For 11 seasons on the FXX series It’s Always Sunny in Philadelphia, Kaitlin Olson has brought a loopy, dark mania to each of her drunken rants as sociopathic aspiring comedian Dee Reynolds. Now she’s coming to network TV as the least likely of saviors.

On Fox’s The Mick (debuting Jan. 1), Olson plays Mackenzie Murphy, a woman whose own alcohol-fueled thrill ride of a life doesn’t exempt her from having to clean up her sister’s messes. She ends up playing mom to her wealthy nephews and niece–taking up residence in their Greenwich, Conn., manse–after Sis flees federal charges. It’s a fish-out-of-water story in which Olson flops about with fearless élan, scared only of her own propensity to actually be good at this.

Elsewhere, FX mixes up the superhero template with Legion (Feb. 8), in which Downton Abbey’s Dan Stevens plays an institutionalized mental patient slowly discovering that what he long thought was illness may actually be a very special set of gifts. It all ties into Marvel’s X-Men universe, where differences represent strength.

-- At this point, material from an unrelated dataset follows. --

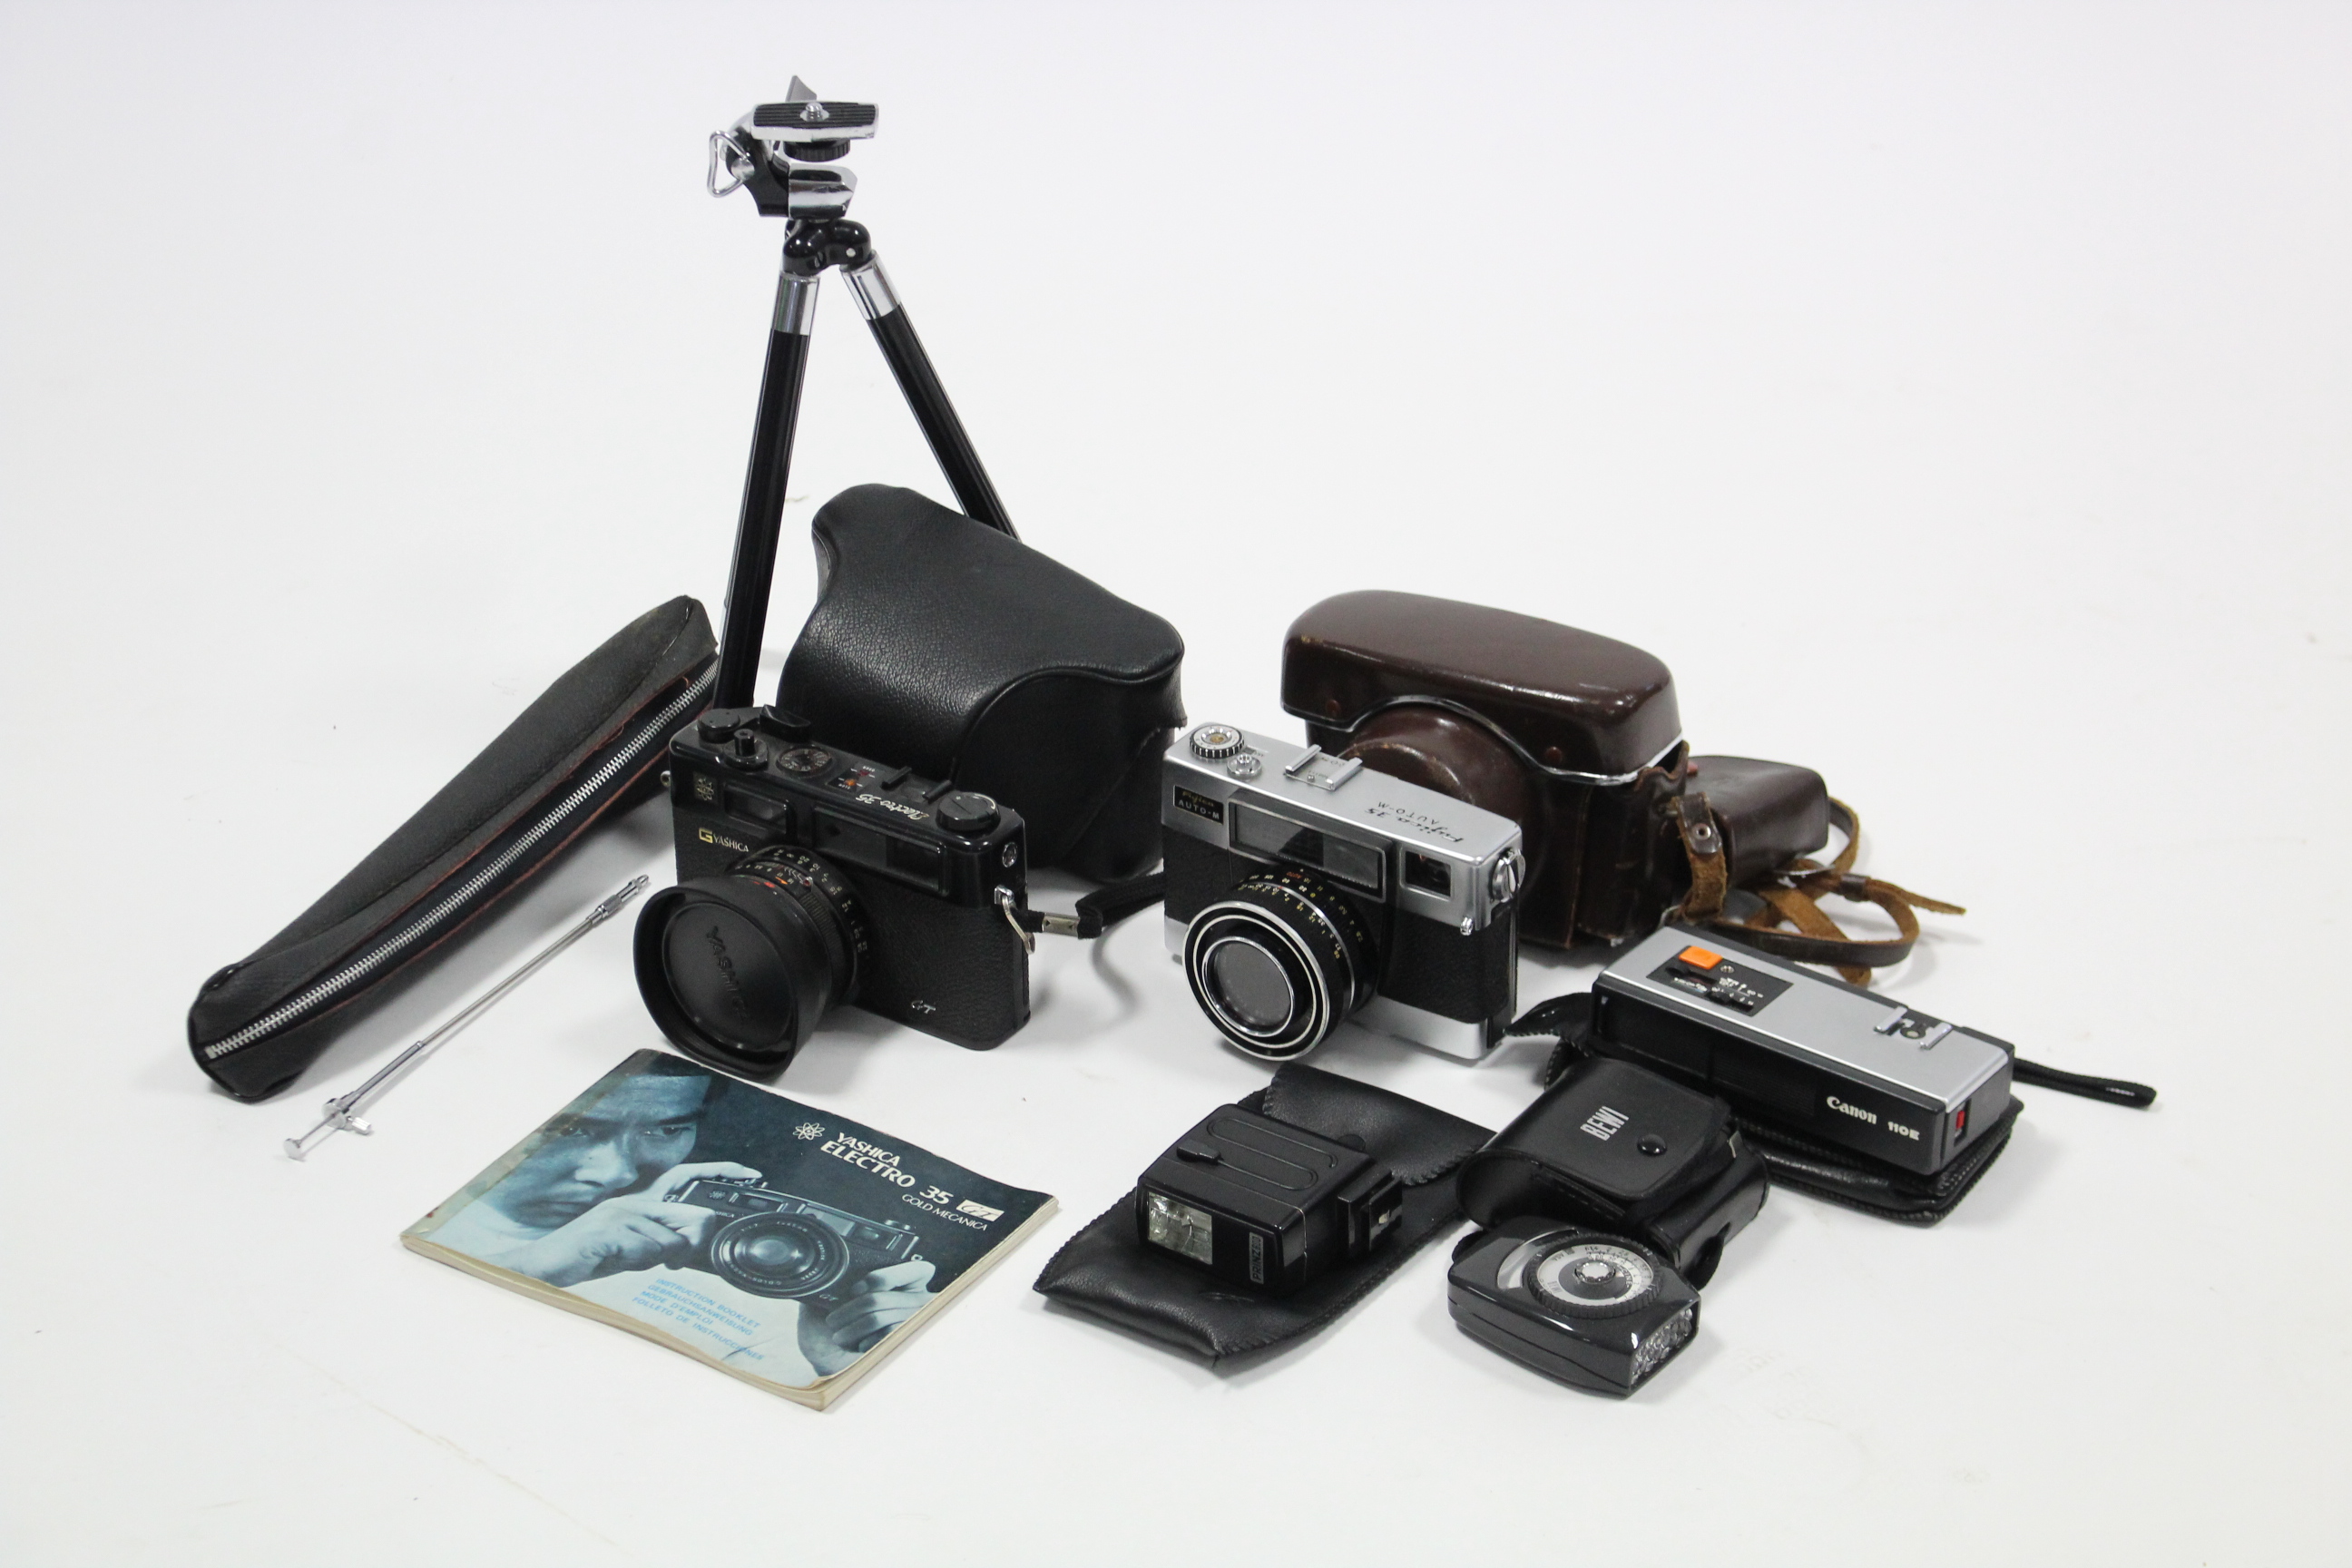 A Yashica “Electro 35” camera; a Fujica 35 camera; a Canon “11OE” camera; & various camera

But comics are hardly the only place where divergent skill sets come in handy. Nicole Kidman (below), Reese Witherspoon and Shailene Woodley band together in HBO’s Big Little Lies (Feb. 19), an adaptation of Liane Moriarty’s hit novel about a group of suburban mothers who resist a world determined to break them. To that subset of viewers interested in seasoned female actors assaying morally complex characters: this is your Avengers.

–D.D.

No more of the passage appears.